Seven Ways to Spot Bias in Your Workplace
   Bias isn’t simply defining people by the way they look. It’s also about limiting the incredible wealth of perspectives, backgrounds, ideas, skills, talents, problem-solving styles and creativity that are in your talent pool. Thinking of diversity this way opens up new ways to talk about changing the workplace culture. Here are some common signs to watch for that couldsignal the existence of isms in your company.

  • “Extracurricular” diversity programs. When diversity and inclusion workshops are offered as occasional extracurricular activities, the practice demonstrates a lack of organizational commitment to cultural competency. Diversity and inclusion should be policy, not an extra that’s subject to cost cutting.
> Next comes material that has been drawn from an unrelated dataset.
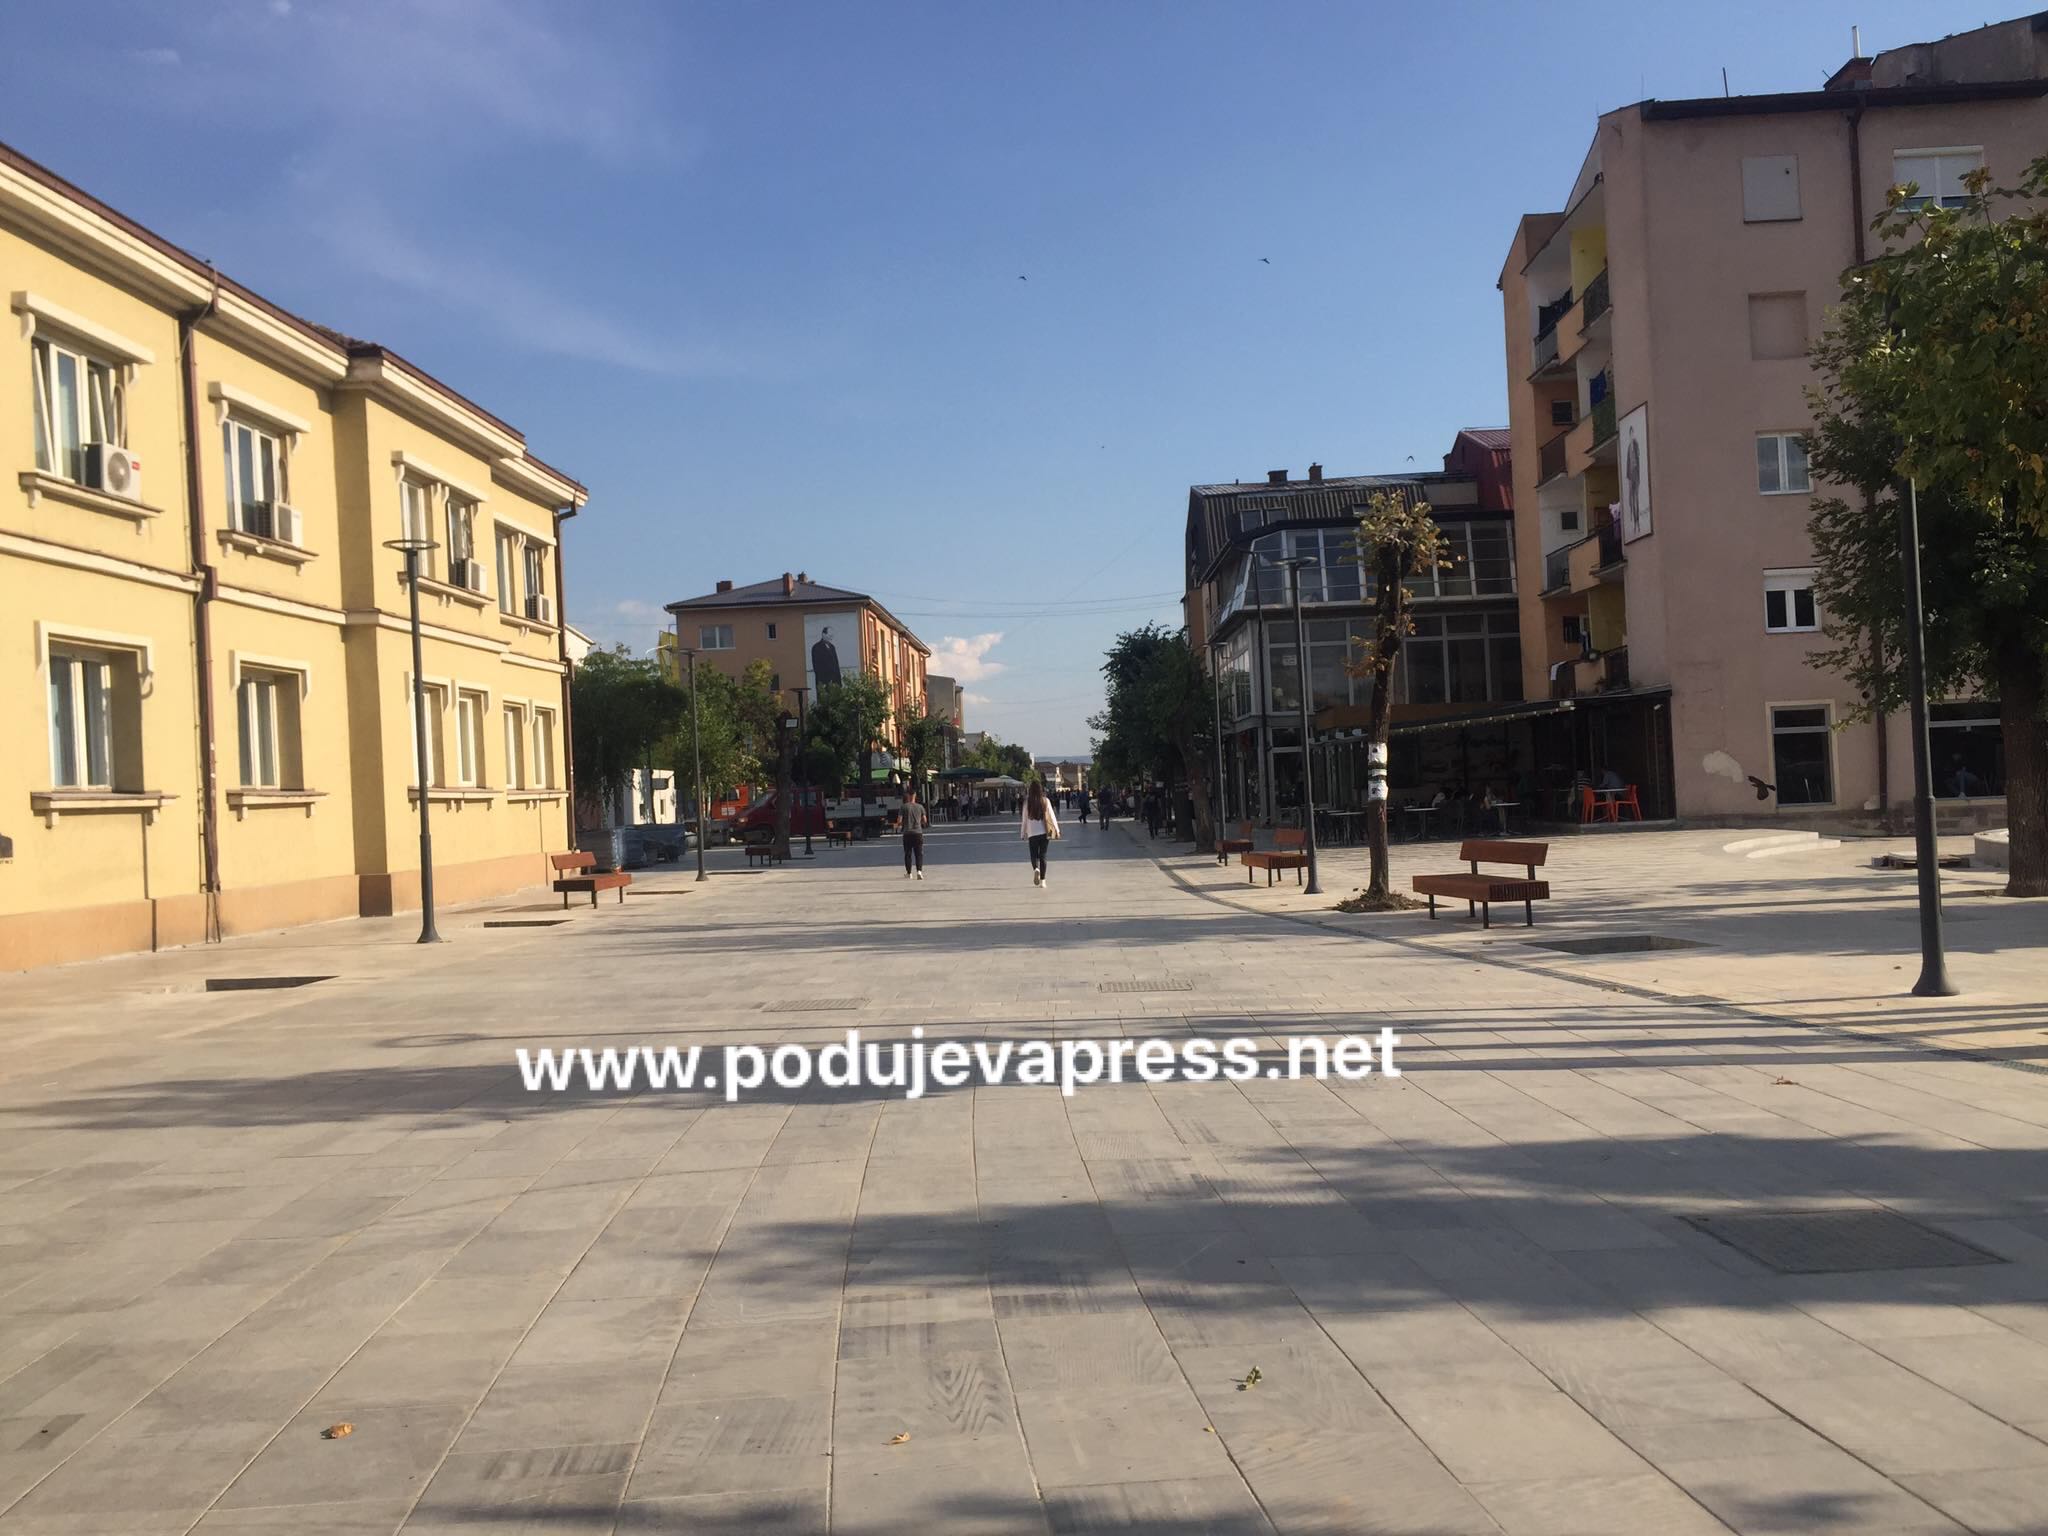  Komuna e Podujevës merr vendim për faljen e 3.8 milion euro borxhe të bizneseve lokale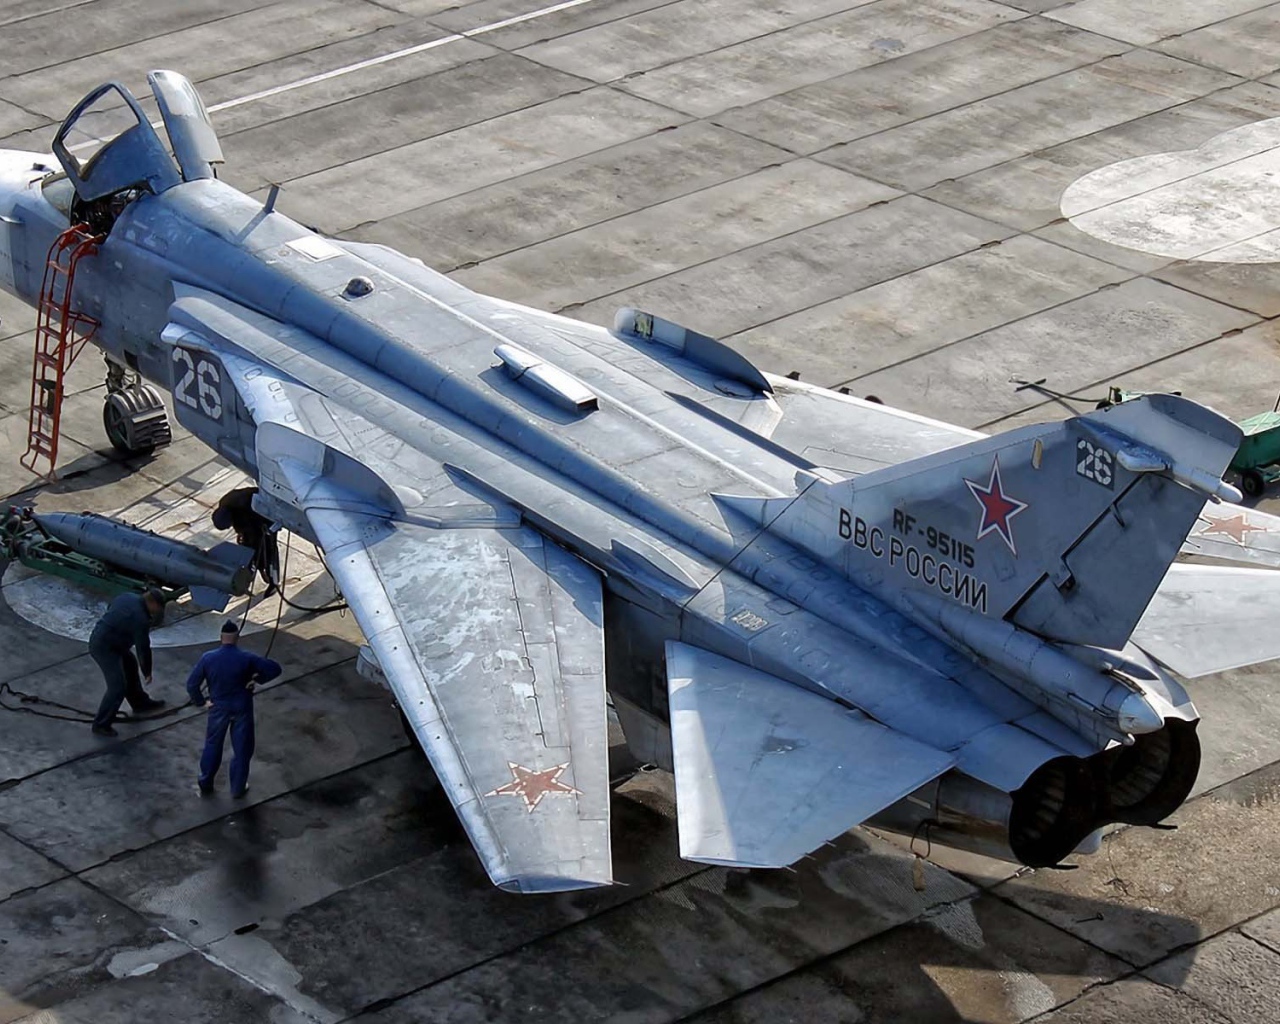 Russian su-24 bomber

  • Chronic absenteeism or high turnover rates. Are women constantly quitting? Do Asians, Hispanics and African-Americans seem to come and go? Low retention among certain groups could be a red flag that your organization needs to do more to reach out to and include valuable employees.

  • Poor performance. Performance problems are often blamed on people rather than on organizational structures, systems and ways of doing things—that is, the organization’s culture. Poor employee performance can also result from factors such as stress, exclusion and lack of opportunity.

  • A dominant decision-making style. Is risk-taking discouraged? Have employees been given the message “It’s our way or the highway”? A single way to get things done may seem to be efficient management, but it both discourages multiple perspectives and styles and leaves exceptional talent and ideas untapped.

  • Homogenous leadership. Is your C-suite all white and all male? Or all one race and the same gender? What about your department heads? Organizations that truly value diversity and inclusion practice what they preach. If the same people are getting passed over for promotion, cultural competence may be a problem at the top.

  • Water-cooler slights. Seemingly innocent racist, sexist, ageist or other insensitive jokes are a sign that the company culture tolerates disrespectful behavior. The use of mascots, symbols or holiday celebrations that exclude certain groups is another sign. Such everyday conversations and activities can unwittingly hurt co-workers.

  • Not using diverse suppliers. Companies that are truly committed to building a diverse and inclusive organization in order to be innovative and competitive will also seek out diverse suppliers.

    Becoming aware of your company’s underlying biases is a good first step. I hope you will extend that awareness out into the workplace and engage employee groups in diversity dialogue.